Salix doii

Scientific classification
- Kingdom: Plantae
- Clade: Embryophytes
- Clade: Tracheophytes
- Clade: Spermatophytes
- Clade: Angiosperms
- Clade: Eudicots
- Clade: Rosids
- Order: Malpighiales
- Family: Salicaceae
- Genus: Salix
- Species: S. doii
- Binomial name: Salix doii Hayata

= Salix doii =

- Genus: Salix
- Species: doii
- Authority: Hayata

Species of willow

Salix doii is a shrub from the genus of the willow (Salix) with mostly 3 to 4 centimeters long leaf blades. The natural range of the species is in Taiwan.

==Description==
Salix doii grows as a shrub up to 3 m high. The branches are hairy to a greater or lesser extent. The leaves have a 0.8 to 1.5 centimeter long, downy hairy petiole. The leaf blade is oblong-lanceolate, 3 to 4 centimeters long and about 1 centimeter wide. The leaf margin is entire, the leaf base wedge-shaped-rounded to rounded, the leaf end pointed. The upper side of the leaf is sparsely hairy with shaggy hair, the underside with downy hair. Ten lateral nerves are formed on each side of the median artery.

The male inflorescences are 2.5 to 3, rarely up to 4 centimeters long, catkins.
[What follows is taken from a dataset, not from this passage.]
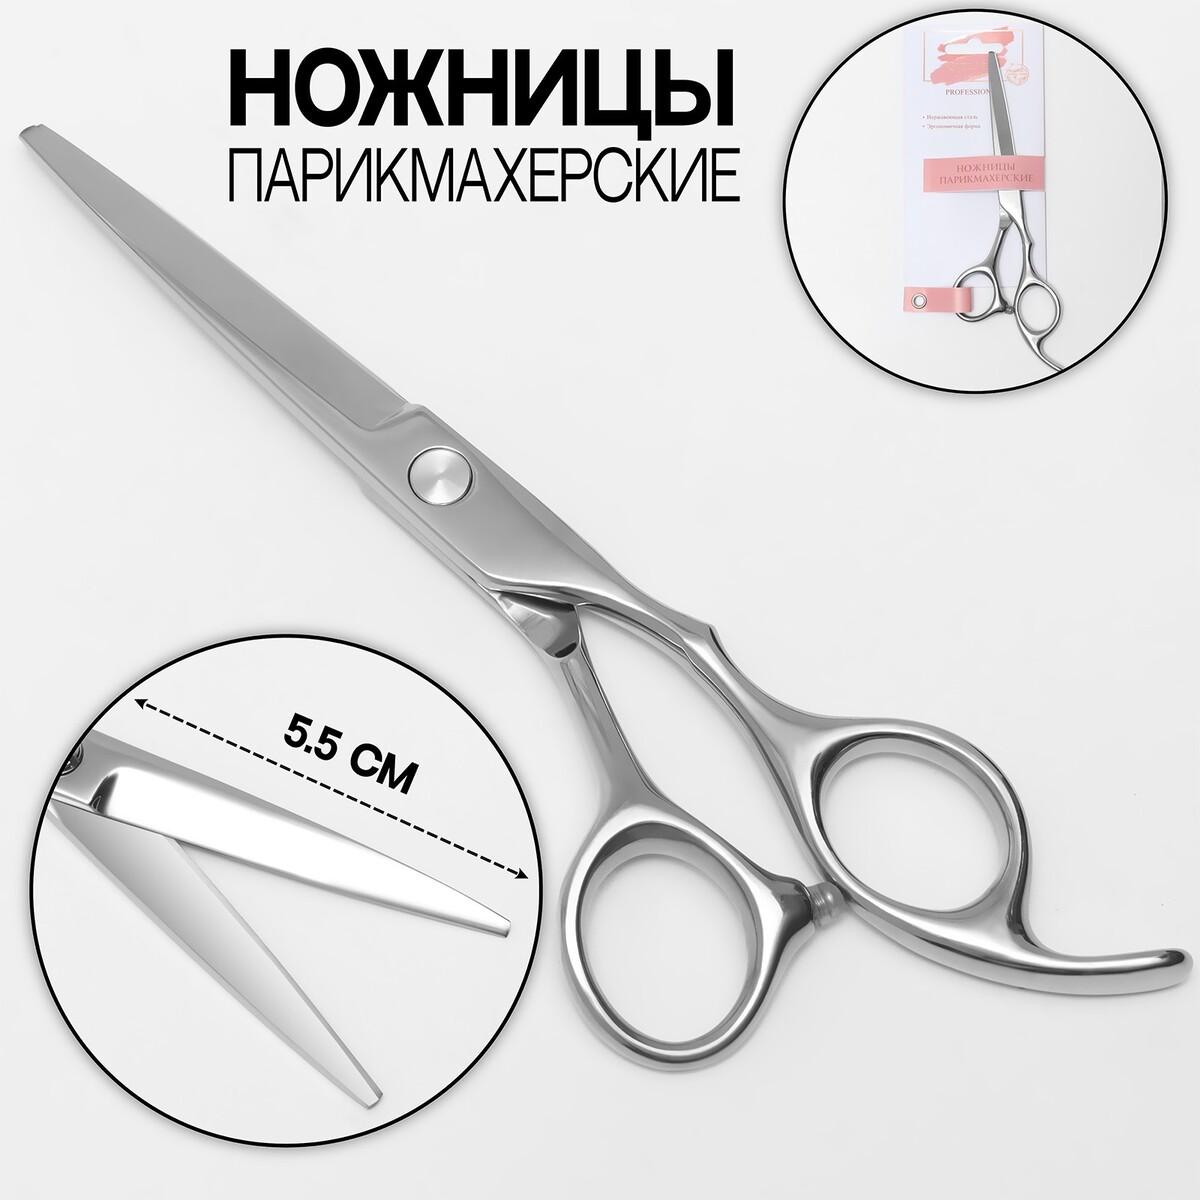 Ножницы парикмахерские с упором, загнутые кольца, лезвие — 5,5 см, цвет серебристый ножницы хозяйственные gefu металлические
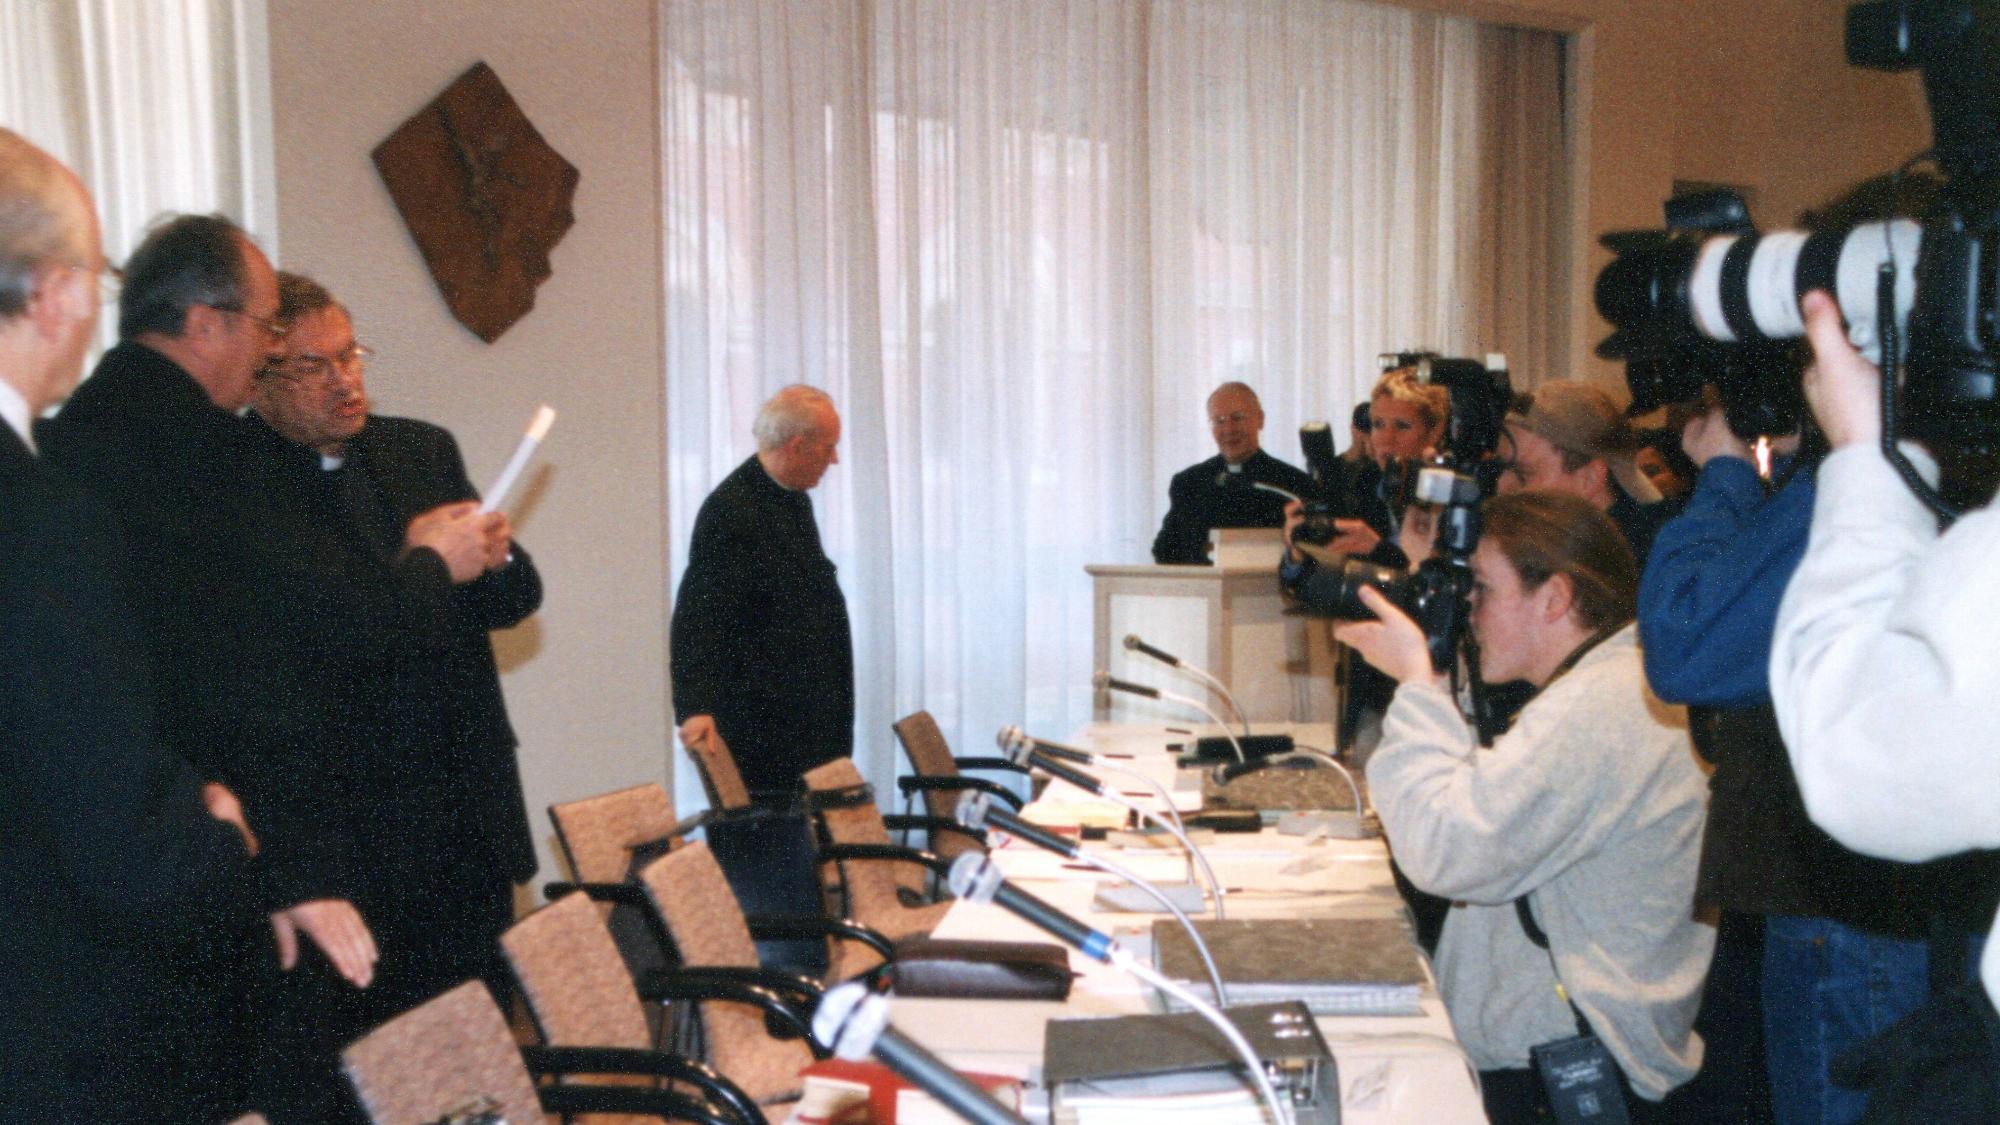 Mainz, 13.3.2000: Bereits vor 20 Jahren war das mediale Interesse an der Frühjahrs-Vollversammlung groß.

The peduncle is short and has one or two scaly, small leaves. The bracts are elongated or elliptical, downy hairy and ciliate and about half as long as the stamens. Male flowers have a short-cylindrical adaxial nectar gland. There will be two detached stamensformed, the stamens are finely haired near the base. The female catkins are about 3 centimeters long, when the fruit is ripe, 6 to 8 centimeters long and have a diameter of about 1.5 centimeters. The peduncle is about 1.5 centimeters long and has two or three small leaves. The bracts resemble those of the male inflorescences. Female flowers have an adaxial nectar gland. The ovary is narrow-ovate, finely hairy and long stalks, the stylus is short, the scar lapped four times. The fruits are slightly hairy capsules.

==Range==
The natural range is on Taiwan. There the species grows in open areas and near rivers at altitudes of 2000 to 2800 m.

==Taxonomy==
Salix doii is a kind from the kind of willow (Salix), in the family of the pasture plants (Salicaceae). There, it is the section Fulvopubescentes assigned. It was first scientifically described in 1915 by Hayata Bunzo. Synonyms of the species are Salix eriostroma Hayata, Salix fulvopubescens var. Doii (Hayata) KC Yang & TC Huang and Salix morii Hayata.

==Literature==
- Wu Zheng-yi, Peter H. Raven (Ed.): Flora of China. Volume 4: Cycadaceae through Fagaceae. Science Press / Missouri Botanical Garden Press, Beijing / St. Louis 1999, ISBN 0-915279-70-3, pp. 190, 191 (English).